We are looking for a Senior Site Reliability Engineer (SRE) with deep expertise in deploying, operating, and optimizing database systems on Kubernetes (K8s). In this role, you will play a critical part in ensuring the data infrastructure is highly reliable, high-performance, scalable, and proactively monitored through modern observability systems.
Key Responsibilities
- Research, deploy, administer, and optimize database systems (PostgreSQL, Kafka, Opensearch, Redis, etc.) on Kubernetes.
- Operate, optimize, and scale Kubernetes clusters.
- Set up and manage monitoring & alerting systems such as Prometheus, Alertmanager, Grafana, ELK, etc.
- Define and fine-tune metrics, alert thresholds, SLO/SLA, and error budgets for database services and key infrastructure components.
- Participate in incident response, conduct root cause analysis, and perform post-mortem reviews to improve system reliability.

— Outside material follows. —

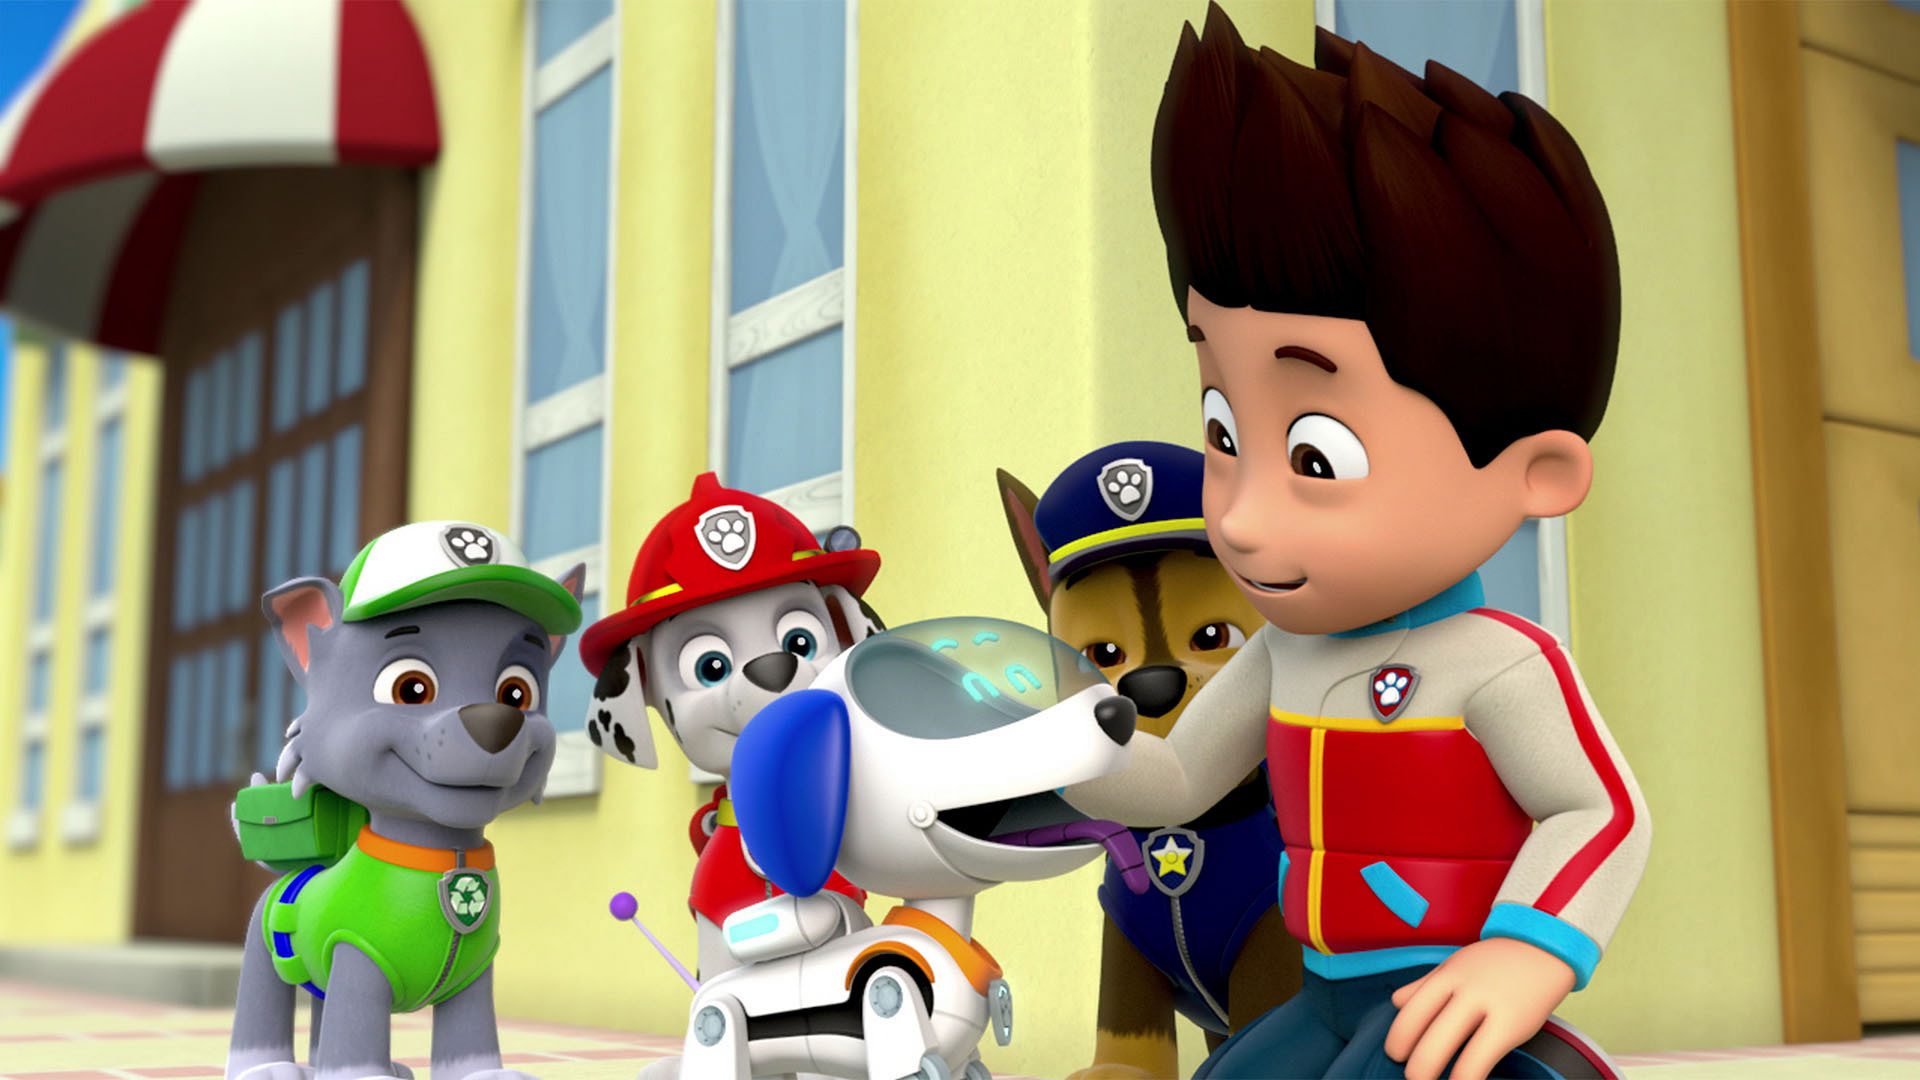 Watch Paw Patrol Season 1 Episode 19 Pups Save A Super Pup Full Show

- Automate operational workflows (backup, failover, scaling, recovery, patching, CI/CD, etc.).
- Develop and standardize runbooks, playbooks, and documentation to support efficient and consistent incident handling.
- Collaborate with development teams to enhance database and big data platform capabilities.
Requirements
- Minimum 3 years of experience in SRE, DevOps, Database Engineering, or System Engineering.
- Strong hands-on experience in deploying, operating, and optimizing database systems (MySQL, PostgreSQL, MongoDB, Redis, Kafka, etc.) in on-premise or cloud environments.
- Experience deploying and operating Kubernetes clusters in on-premise or cloud platforms (EKS, GKE, AKS).
- Experience in defining metrics, alert thresholds, and building dashboards for database systems and infrastructure.
- Ability to participate in on-call rotations, monitor alerts, and handle or escalate system incidents in a timely manner.
- Proficient with monitoring and logging tools such as Prometheus, Alertmanager, Grafana, Loki, ELK Stack, etc.
- Ability to write automation scripts using Python / Bash / Go.
- Solid understanding of networking, storage, performance tuning, backup & recovery.
- Strong systems-thinking mindset with a proactive approach to identifying and resolving issues.
Nice to Have
- Experience operating distributed databases or high-availability clusters (Patroni, Galera, Sentinel, etc.).
- Experience with big data systems (Kafka, ClickHouse, Elasticsearch, etc.).
- Relevant certifications such as CKA/CKAD, AWS/GCP Cloud Certifications, or Database Administrator Certifications.